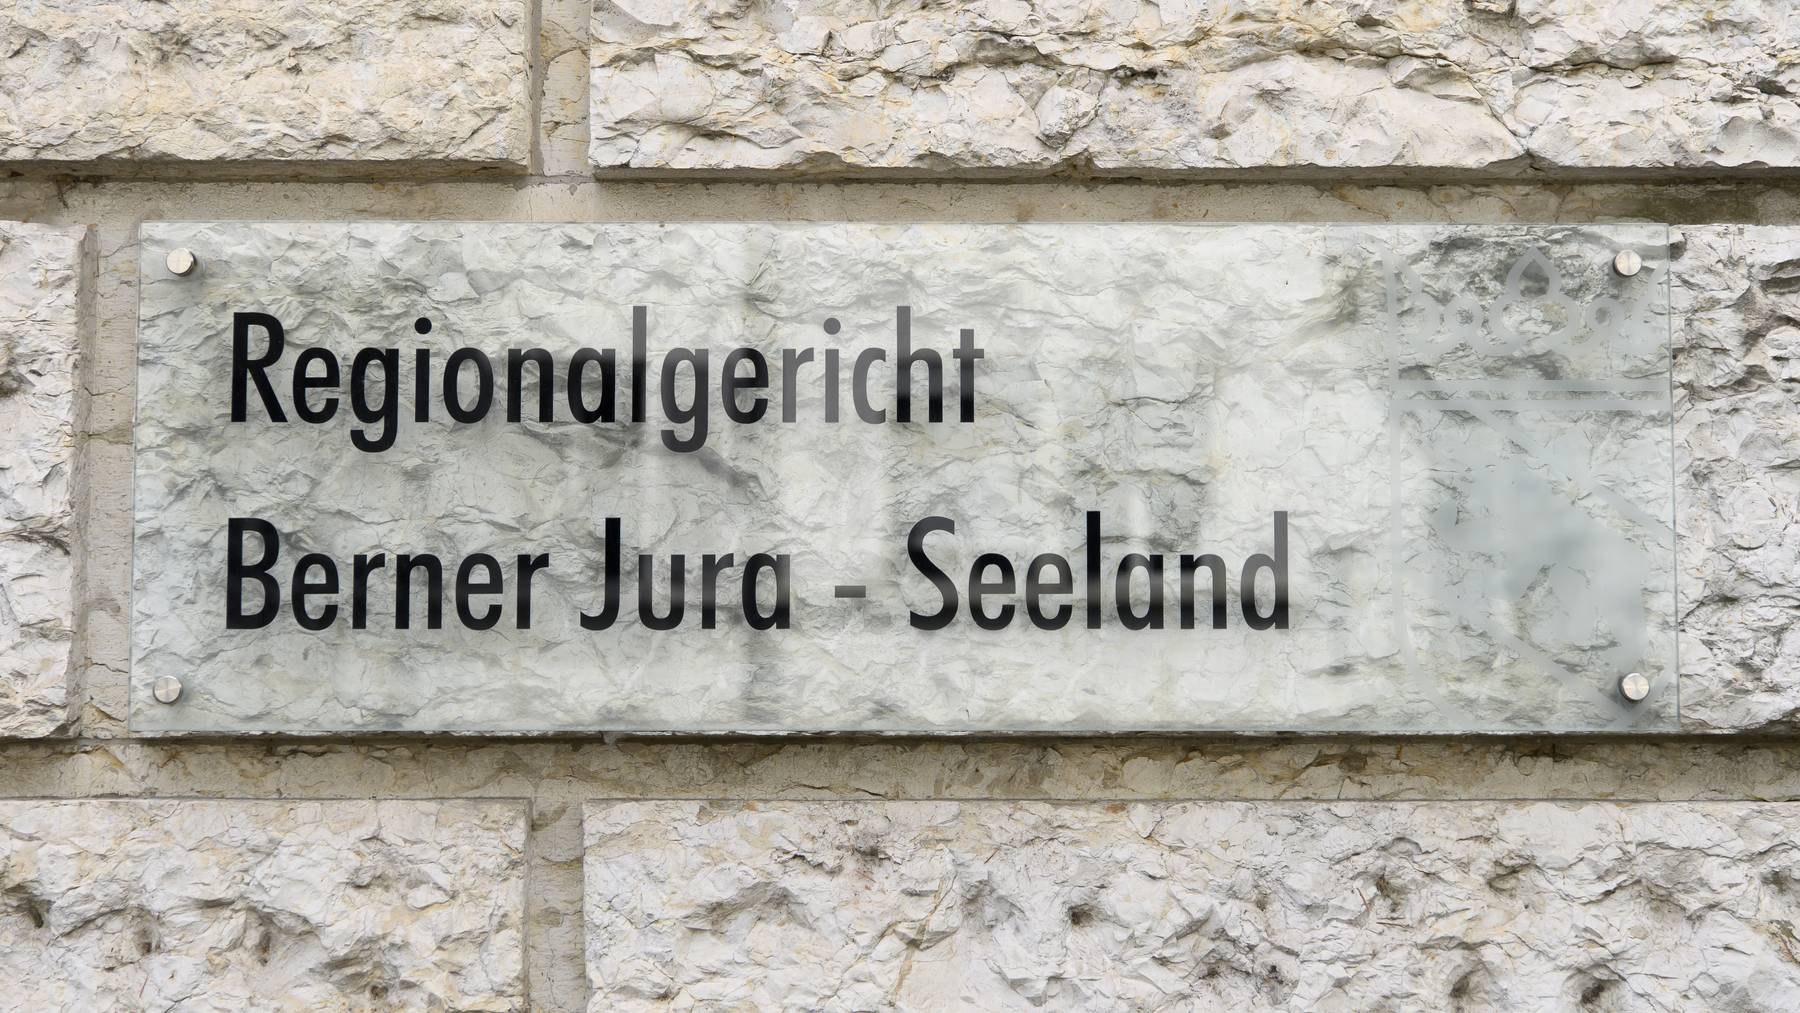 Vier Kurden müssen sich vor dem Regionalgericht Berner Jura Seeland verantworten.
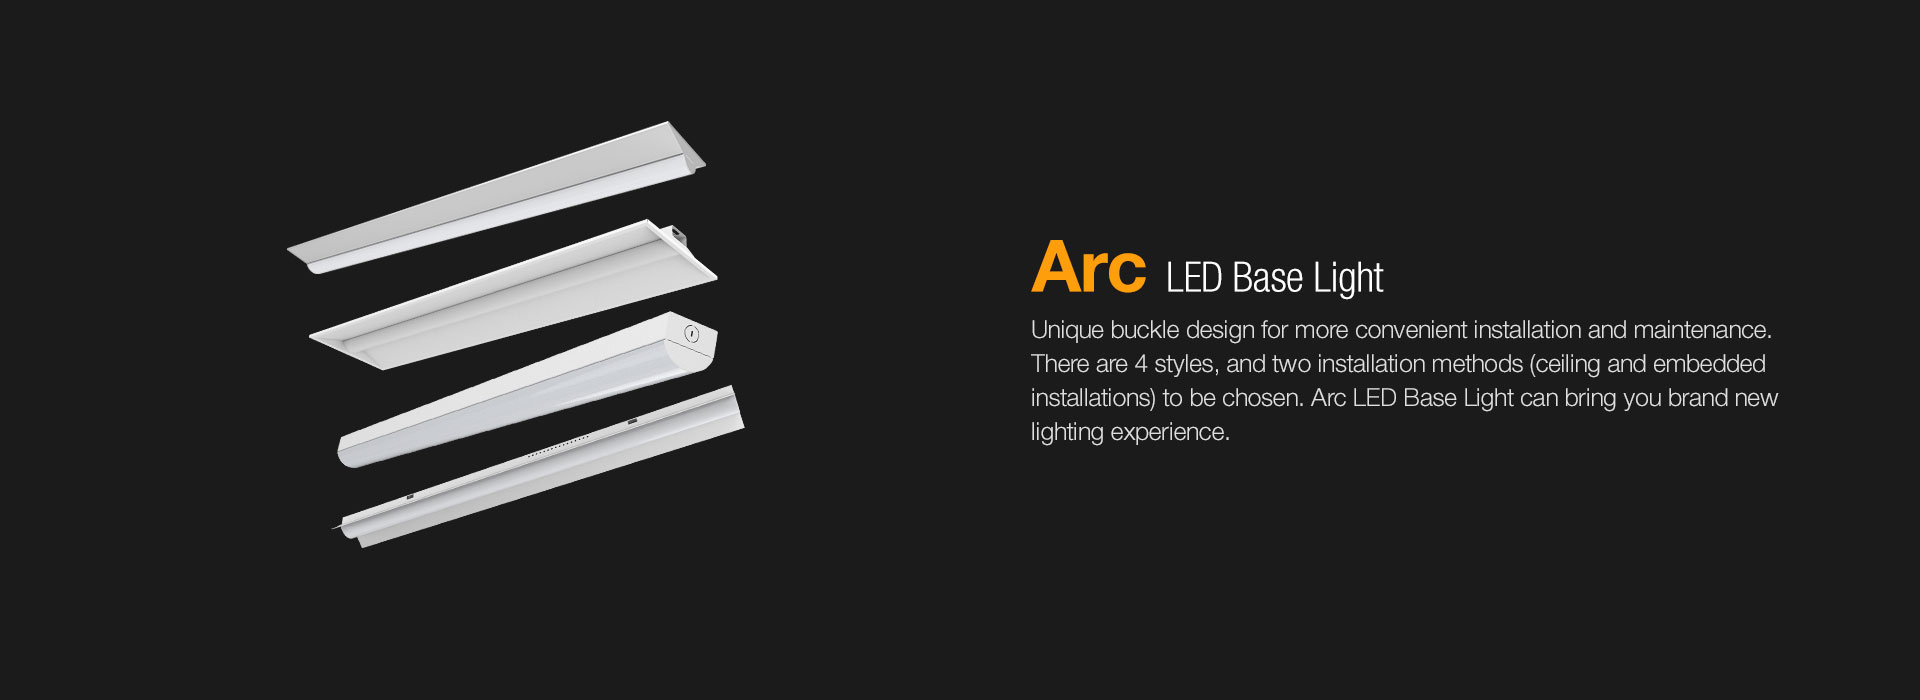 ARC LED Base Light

————

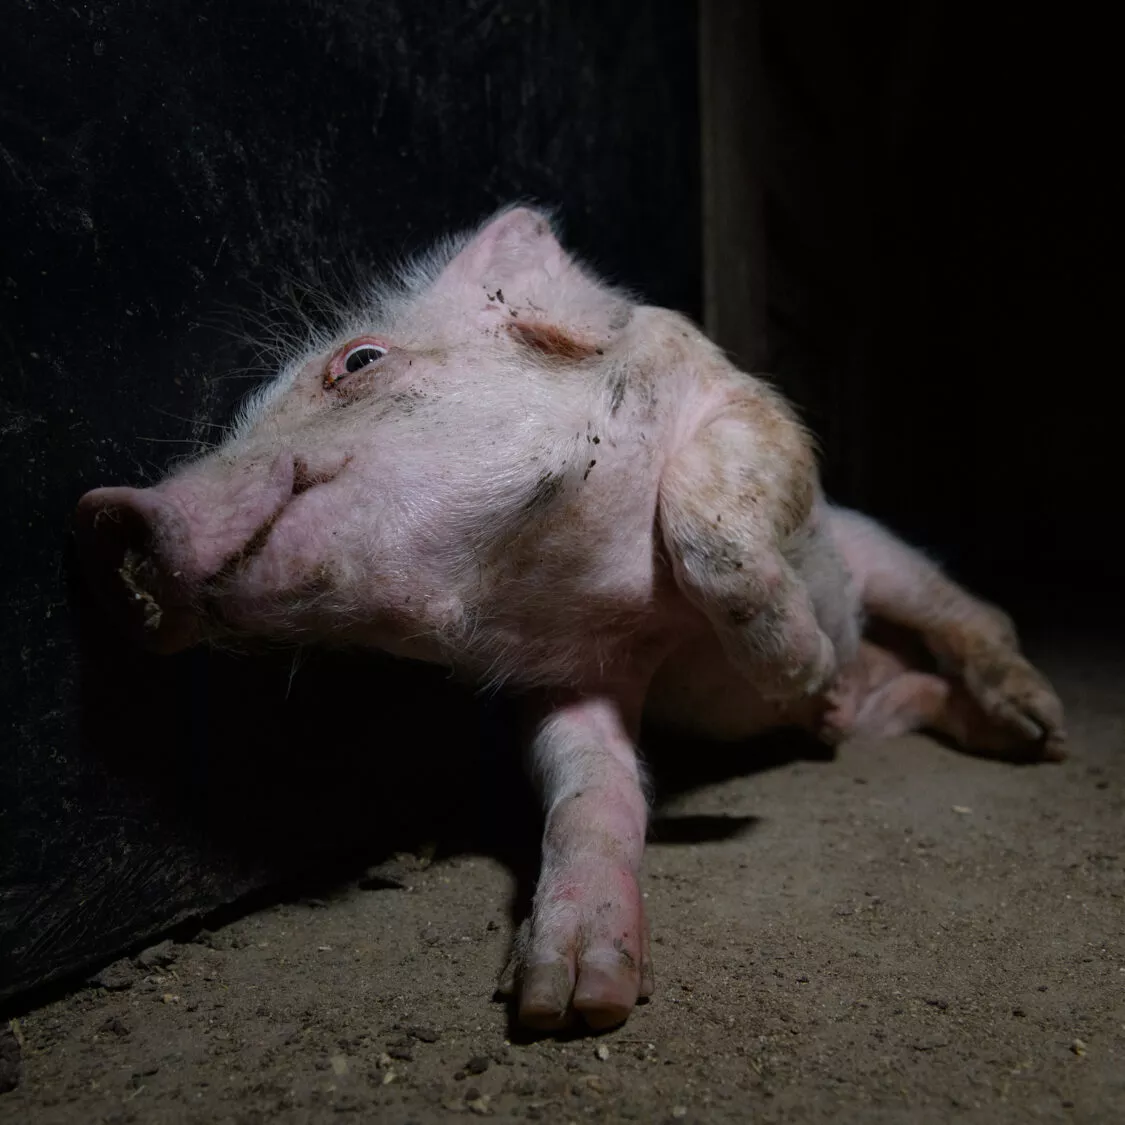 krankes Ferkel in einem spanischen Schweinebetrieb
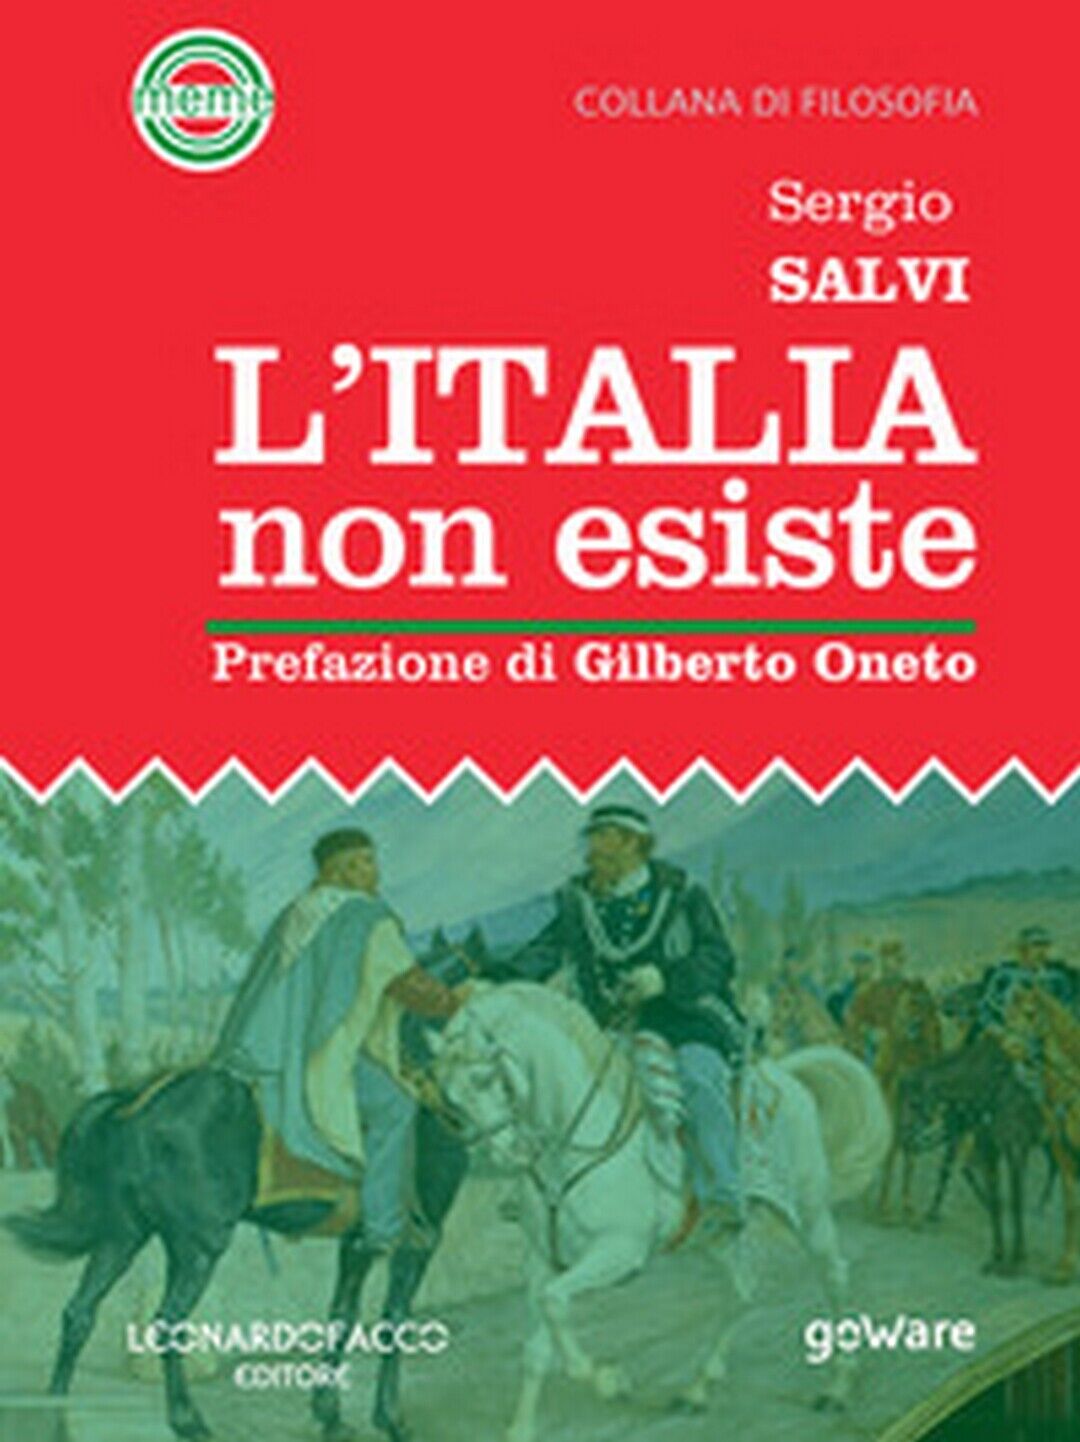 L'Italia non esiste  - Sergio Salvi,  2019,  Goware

————

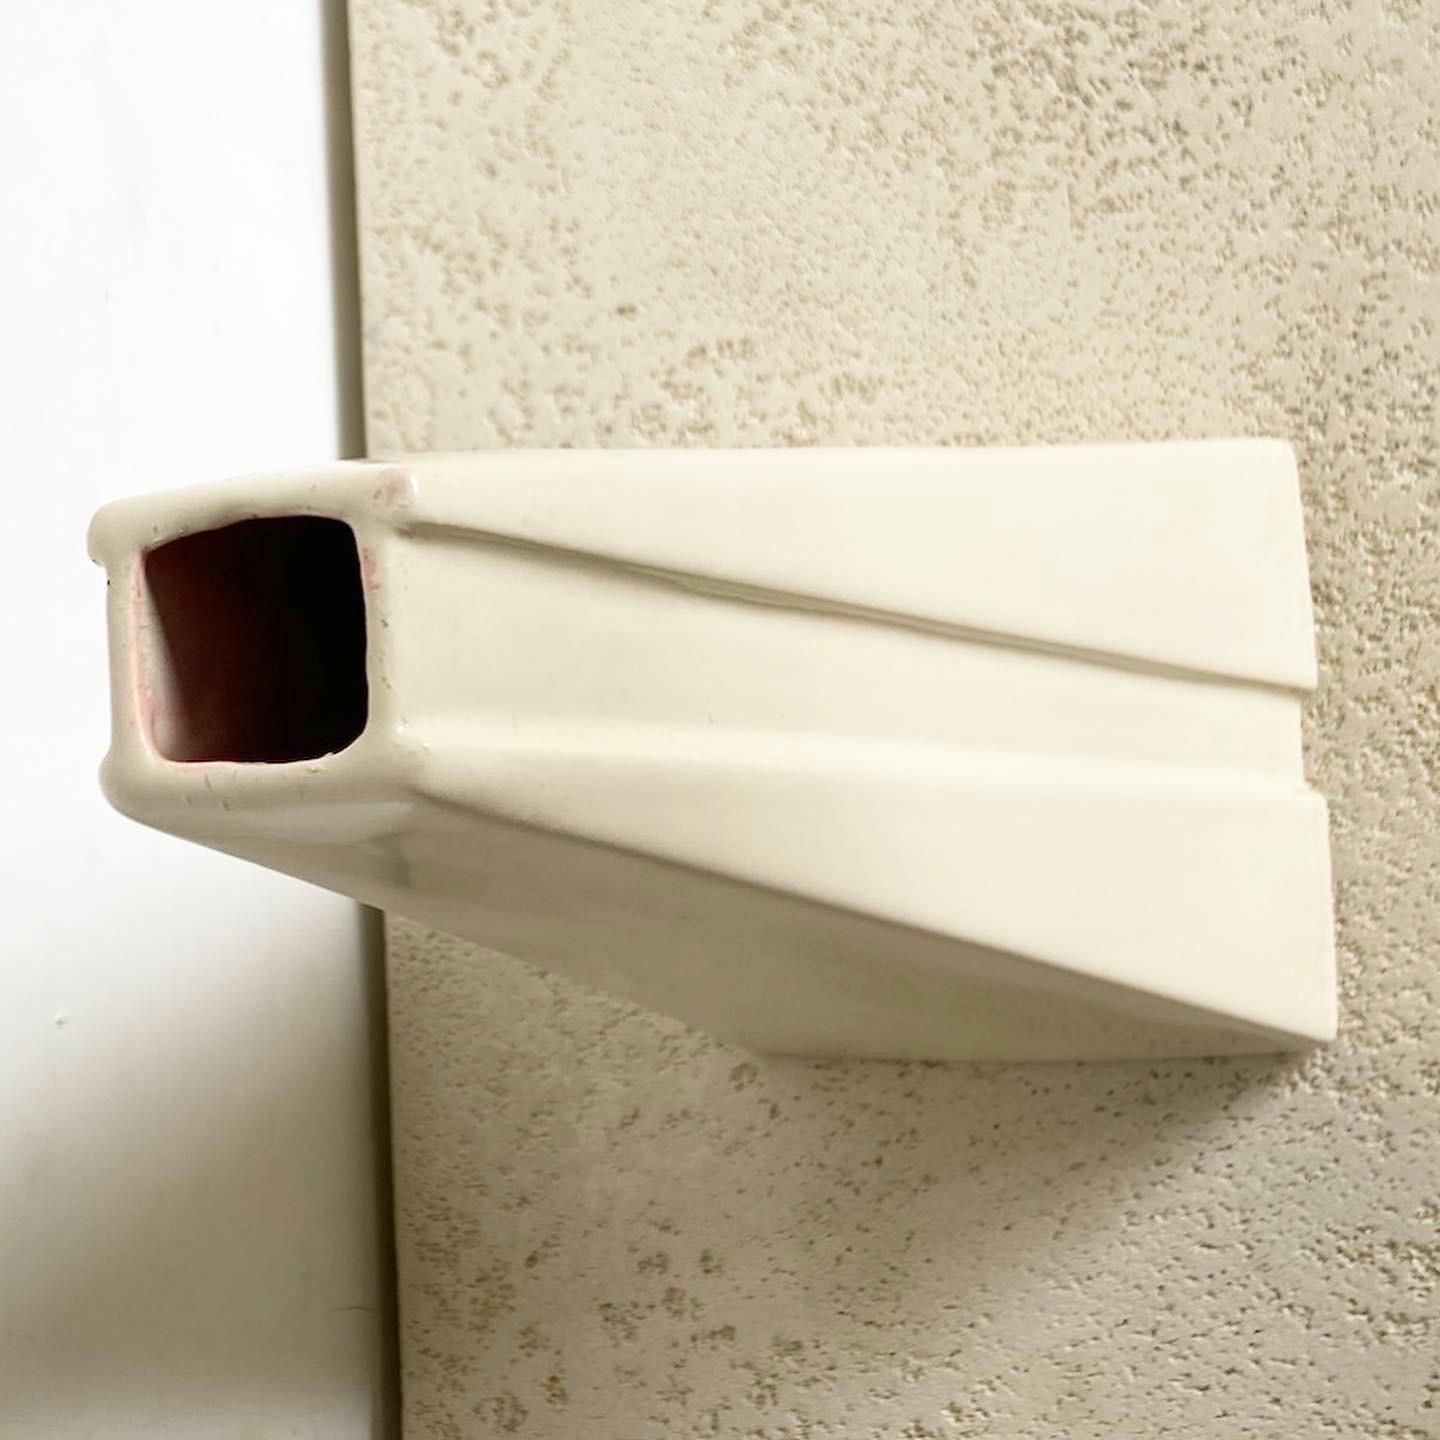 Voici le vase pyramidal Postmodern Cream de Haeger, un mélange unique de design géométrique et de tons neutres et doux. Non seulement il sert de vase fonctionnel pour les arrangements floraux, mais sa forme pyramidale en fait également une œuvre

————

**WHAT YOU ARE ASKED TO DO**
Of the lines above, quote exactly those from the one with "krankes Ferkel in" through the one with "L'Italia non esiste", ends included; pictures stay out.

**ANSWER BOX**
 krankes Ferkel in einem spanischen Schweinebetrieb
 L'Italia non esiste  - Sergio Salvi,  2019,  Goware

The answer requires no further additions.